Let me say that again. Unlike the old Blue Cross -- which was obligated to use money collected to pay patients' bills -- the new Wellpoint could, in theory, take the bulk of "insurance" premiums and slip them to its corporate officers and stockholders.
But they wouldn't do that, would they?
Last year, 2001, the CEO of Wellpoint, Leonard Schaeffer, was paid $5,614,425 -- or just a tad over $100,000 a week -- not including stock options.

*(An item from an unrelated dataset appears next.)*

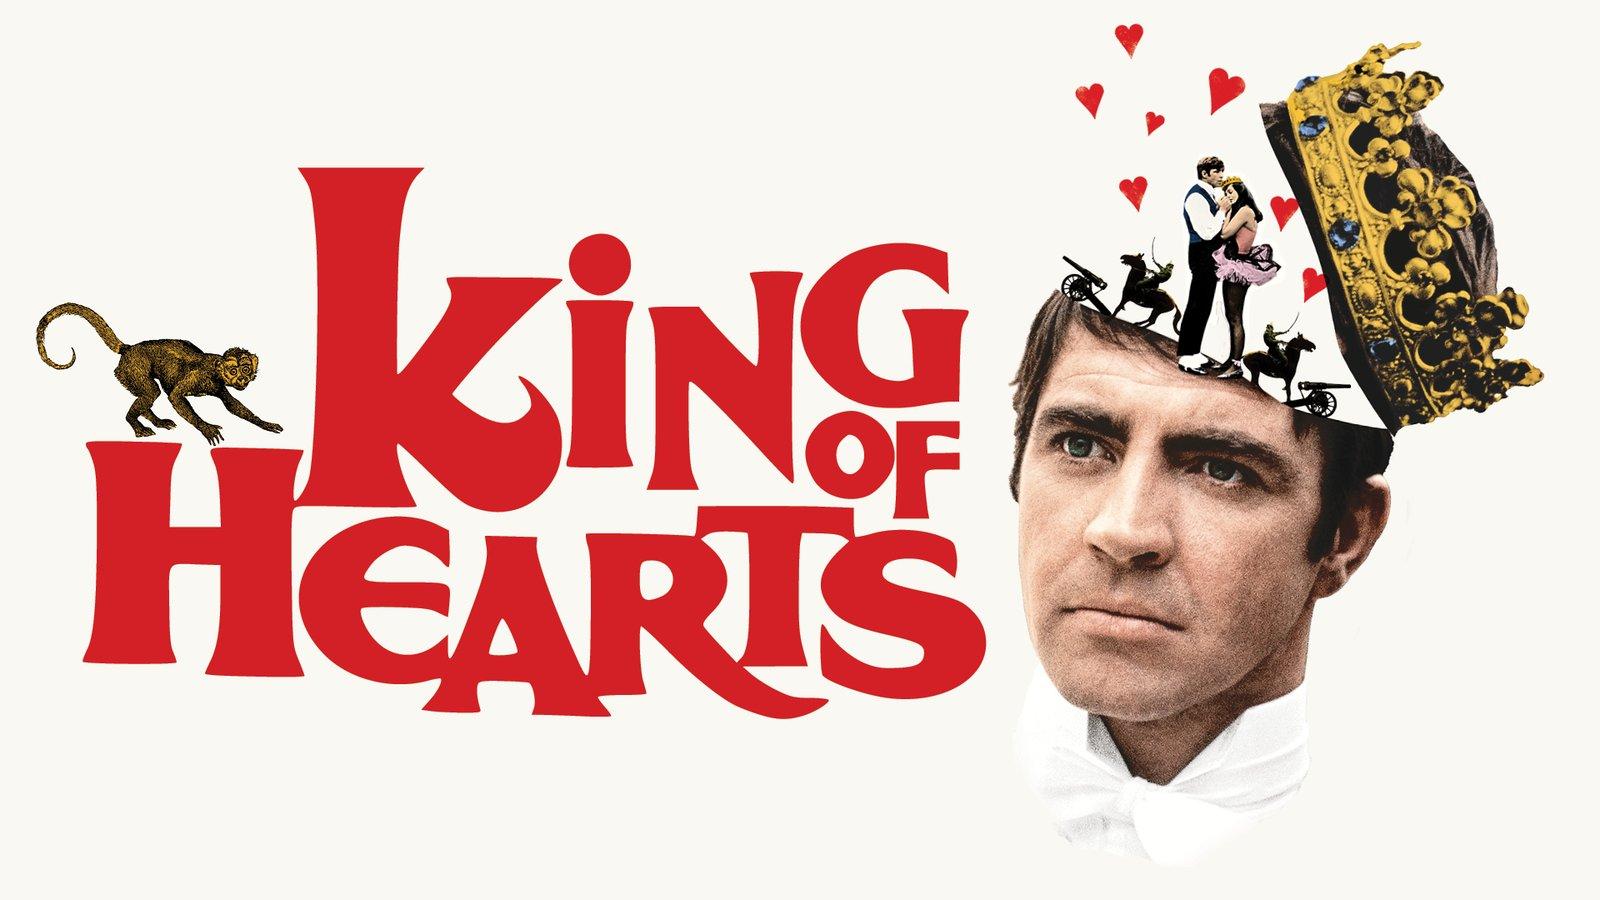 King of Hearts - Le roi de coeur
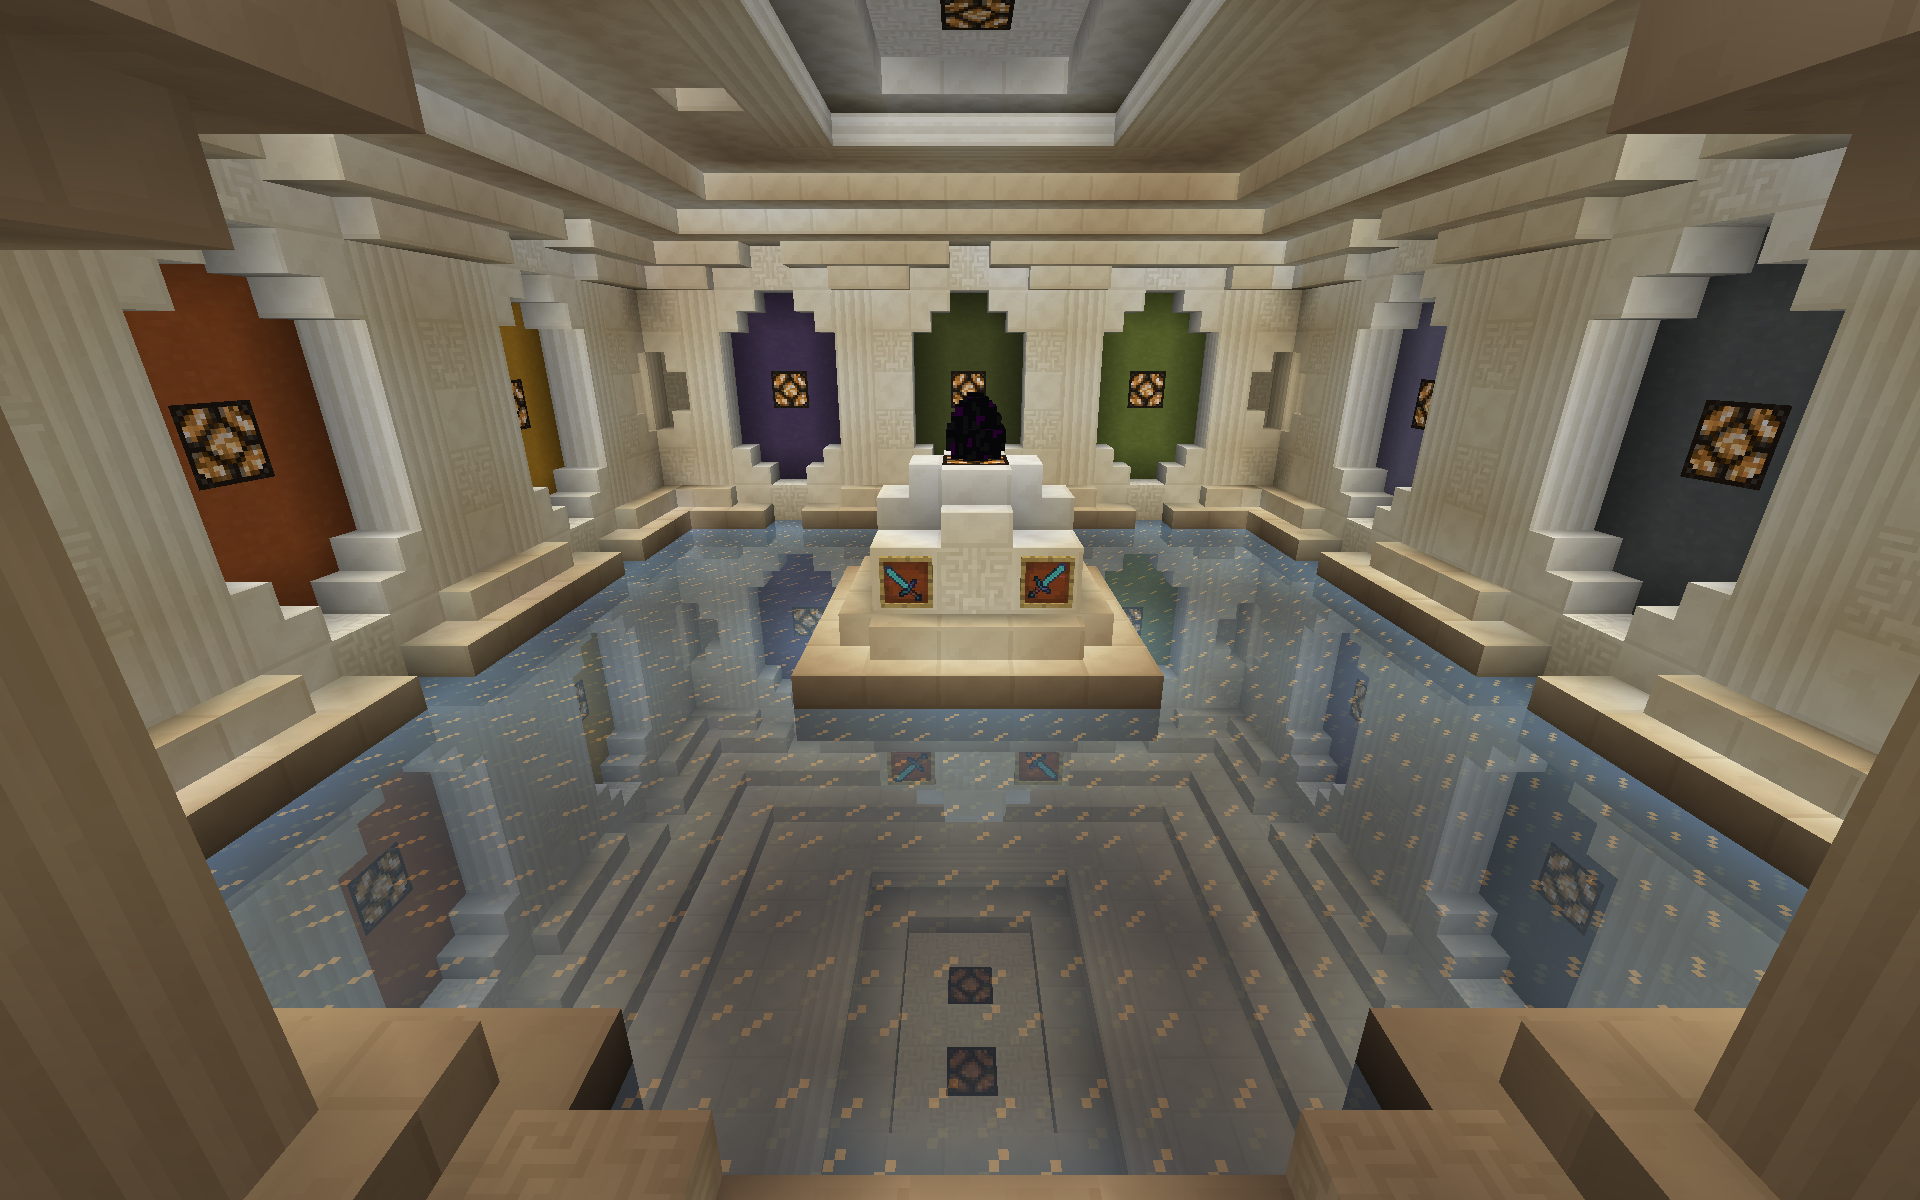 Minecraft interior design cool minecraft interior design for Cool minecraft interior designs

Mind you, I do not doubt that Shaeffer is a hard working CEO, and I know that other CEOs are paid even more than he. But there is a crucial difference: The money Shaeffer was paid is money that could have been -- in my mind should have been -- used for health care. For his $5 million-plus, I suspect Shaeffer did not perform a single operation, apply a single Band-Aid, dispense a single medication. And he's not the only one with his hand in the cookie jar.
Go to www.wellpoint.com and check the facts for yourself. There you will see the smiling face of CEO Shaeffer and discover that since its introduction, Wellpoint (WLP) has consistently outperformed the market. Even in today's down market, it is valued at nearly $10 billion. And what does it sell? Why, other people's work.
Last year, its 145 million shares earned nearly $4 each. Stated otherwise, nearly $600 million of health care money was siphoned from the system into hands of investors. Does this seem rational to you?
It seems mad to me. But in one way, at least, it makes perfect sense. It explains the magnificent Cathedral Skeleton gleaming in the summer sun along Janes Road.
Jay Davis is a physician and author in Humboldt County.